Old age is associated with a high prevalence of metabolic alterations like type 2 diabetes mellitus (DM) and preOM 0ointly 'dysglycemia'), and with an immunologic decline associated with higher risk of developing and dying from lung infections like pulmonary tuberculosis (PTB). These immune-metabolic alterations are accompanied by failure in other organ systems (lung, brain, skeletal muscle), leading to increased morbidity and mortality. Understanding these interactions and detecting them early is critical for delaying, preventing or restoring an individual's organ system health. The underlying mechanisms for immunometabolic alterations are unknown, but our joint studies in humans and mice with and without Mycobacterium tuberculosis (M.tb) infection provide support for the role of oxidative stress and associated inflammation as a driver. Accordingly, in our Hispanic human cohort, we find that systemic oxidative stress is higher in TB or DM patients, and exacerbates age effects. We hypothesize that aging-related immunometabolic changes that drive organ failure are largely originated from impaired mitochondria-driven oxidative stress pathways. We will test these hypotheses, conducting snap-shot and longitudinal studies in humans. We will identify the age at which these changes initiate and the most affected pathway, focusing on monocytes attained from relatively non-invasive specimens. i.e., blood. These studies will take advantage of a well-defined Hispanic clinical cohort at the Texas-Mexico border and our established team of field investigators. In Aim 1, we will determine: i) when altered measures of mitochondria-induced oxidative stress and immune dysfunction are first detected in blood and monocytes during the process of aging, to identify the most effective age for interventions. In Aim 2, we will determine the impact of host biological perturbations (dysglycemia and PTB) on these outcomes. We will further evaluate if PTB may serve as a new model of accelerated aging, given its association with inflammation and oxidative stress. Overall, results will provide the foundation for future clinical testing selected interventions in-vivo and monitoring individualized responsiveness with simple biomarker testing, to promote extended cellular health and organ system healthspan.

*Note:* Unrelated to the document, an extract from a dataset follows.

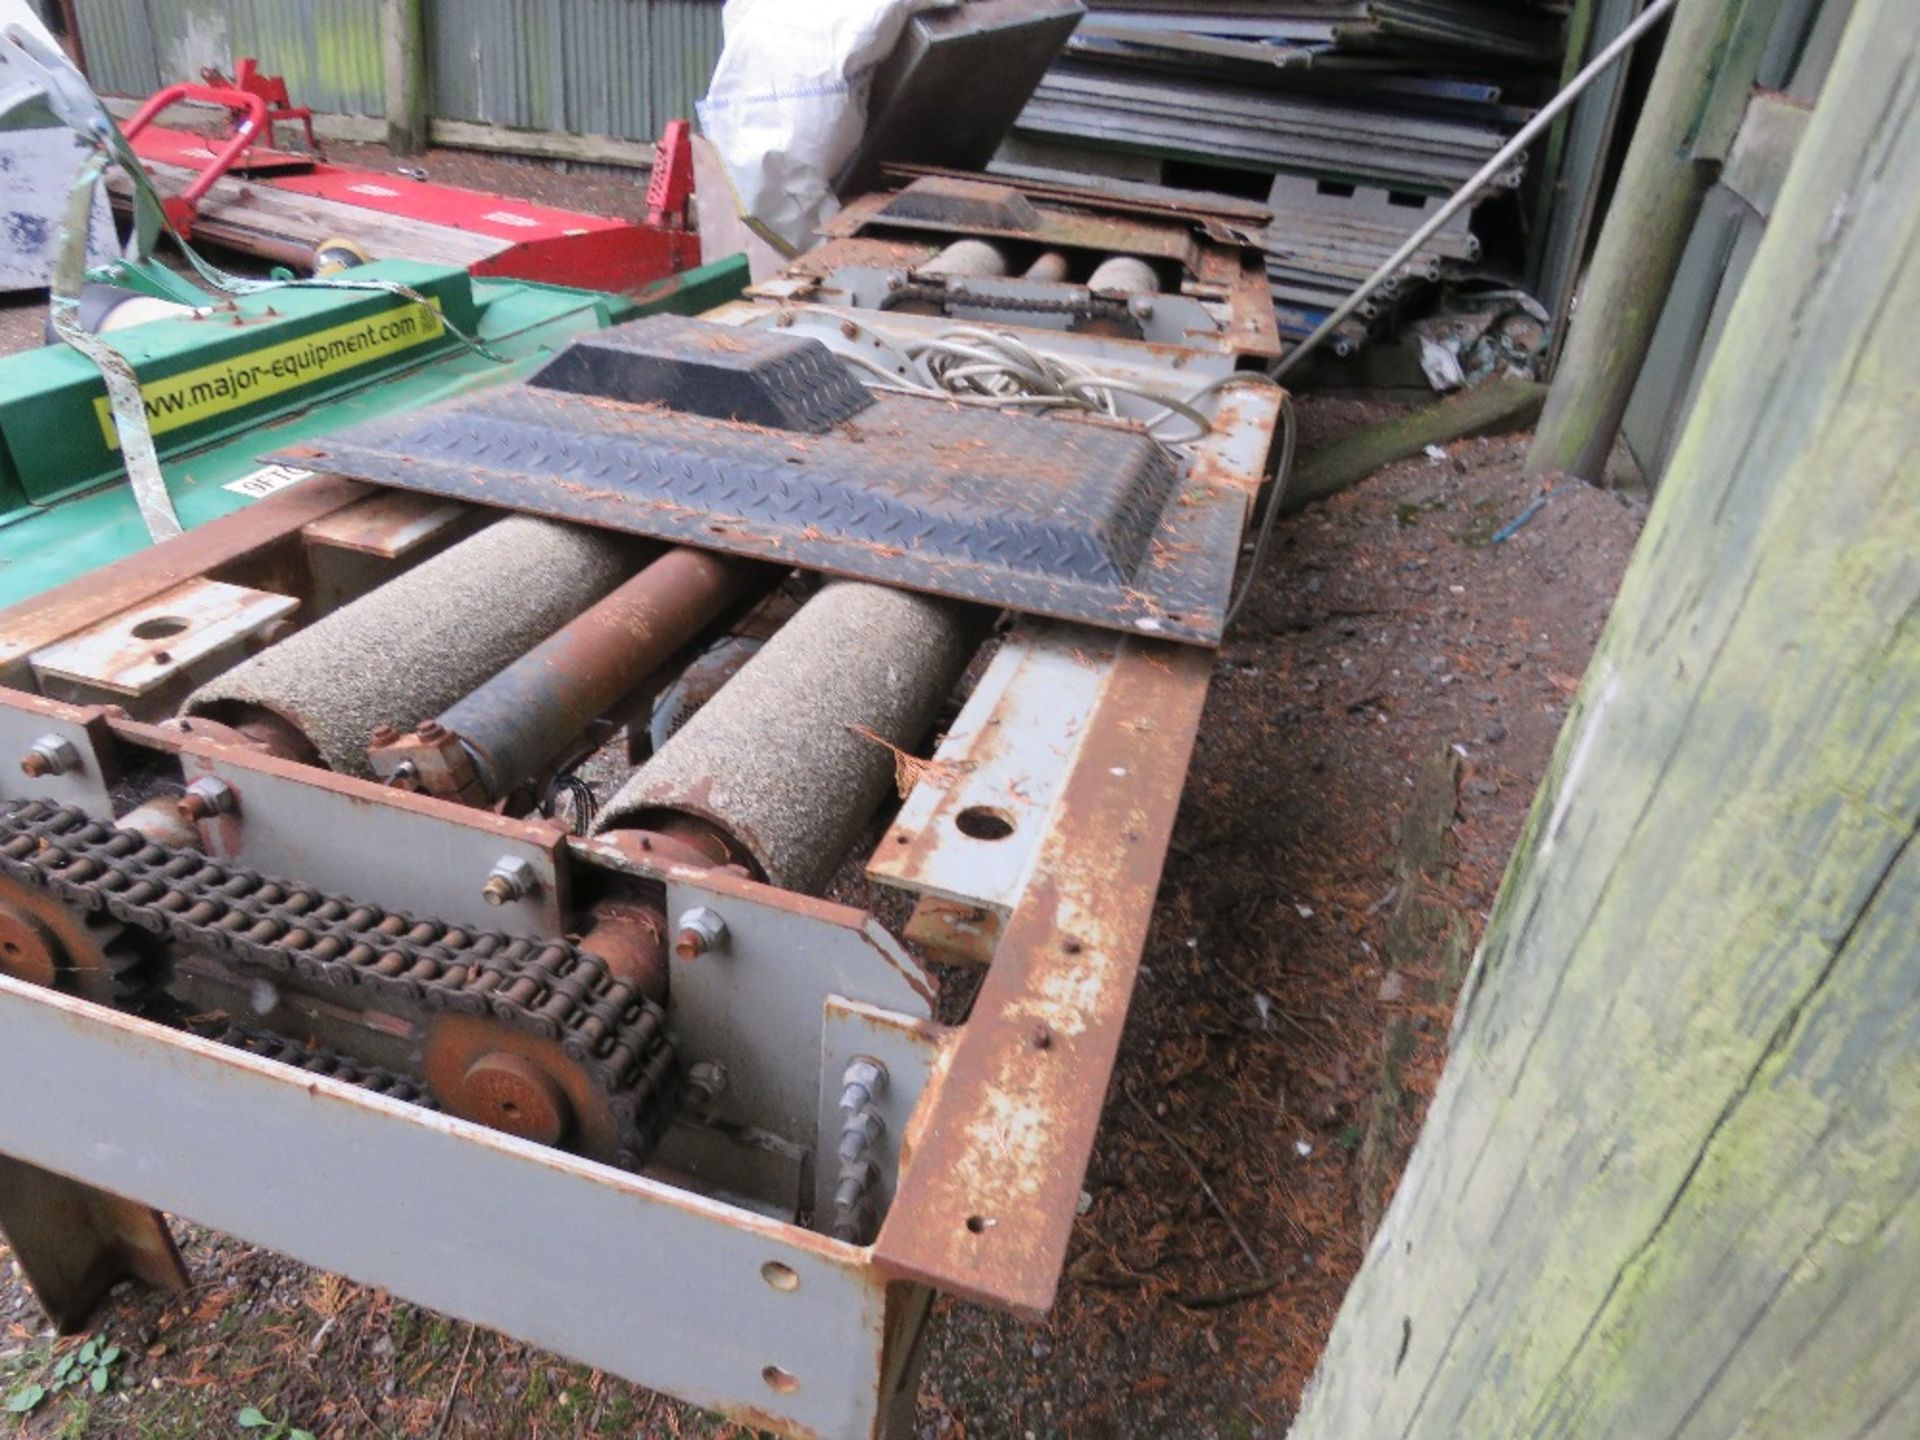 COMMERCIAL VEHICLE BRAKE TEST ROLLERS WITH ASSOCIATED EQUIPMENT. BELIEVED TO BE EWJ MAKE. - Image 2 of 7

老年与代谢改变的高流行有关，例如2型糖尿病（DM）和preom 0ointly'dysglycemia'），并且免疫学下降与发展和垂死的风险更高有关 从肺结核（PTB）等肺部感染中。这些免疫代谢的改变伴随 通过其他器官系统（肺，大脑，骨骼肌）的失败，导致发病率和死亡率增加。 了解这些互动并尽早检测它们对于延迟，防止或恢复至关重要 个体的器官系统健康。免疫代谢改变的基本机制尚不清楚，但 我们在人类和小鼠有和没有结核分枝杆菌（M.TB）感染的联合研究提供 支持氧化应激和相关炎症作为驱动器的作用。因此，在我们的西班牙裔 人类队列，我们​​发现TB或DM患者的全身氧化应激较高，并加剧年龄的影响。 我们假设与衰老相关的免疫代谢变化驱动器官衰竭主要起源于 线粒体驱动的氧化应激途径受损。我们将测试这些假设，进行快照 和人类的纵向研究。我们将确定这些变化启动和受影响最大的年龄 途径，重点是从相对非侵入性标本获得的单核细胞。即血液。这些研究会 利用德克萨斯州 - 墨西哥边境和我们既定的团队的明确定义的西班牙裔临床队列 现场调查人员。在AIM 1中，我们将确定：i）当改变线粒体诱导的氧化措施时 在衰老过程中，首先在血液和单核细胞中检测到压力和免疫功能障碍，以鉴定 干预措施的最有效年龄。在AIM 2中，我们将确定宿主生物扰动的影响 （血糖和PTB）关于这些结果。我们将进一步评估PTB是否可以作为新模型 鉴于它与炎症和氧化应激的关联，加速衰老。总体而言，结果将提供 未来临床测试的基础，体内和监测个性化响应能力 通过简单的生物标志物测试，以促进扩展的细胞健康和器官系统健康范围。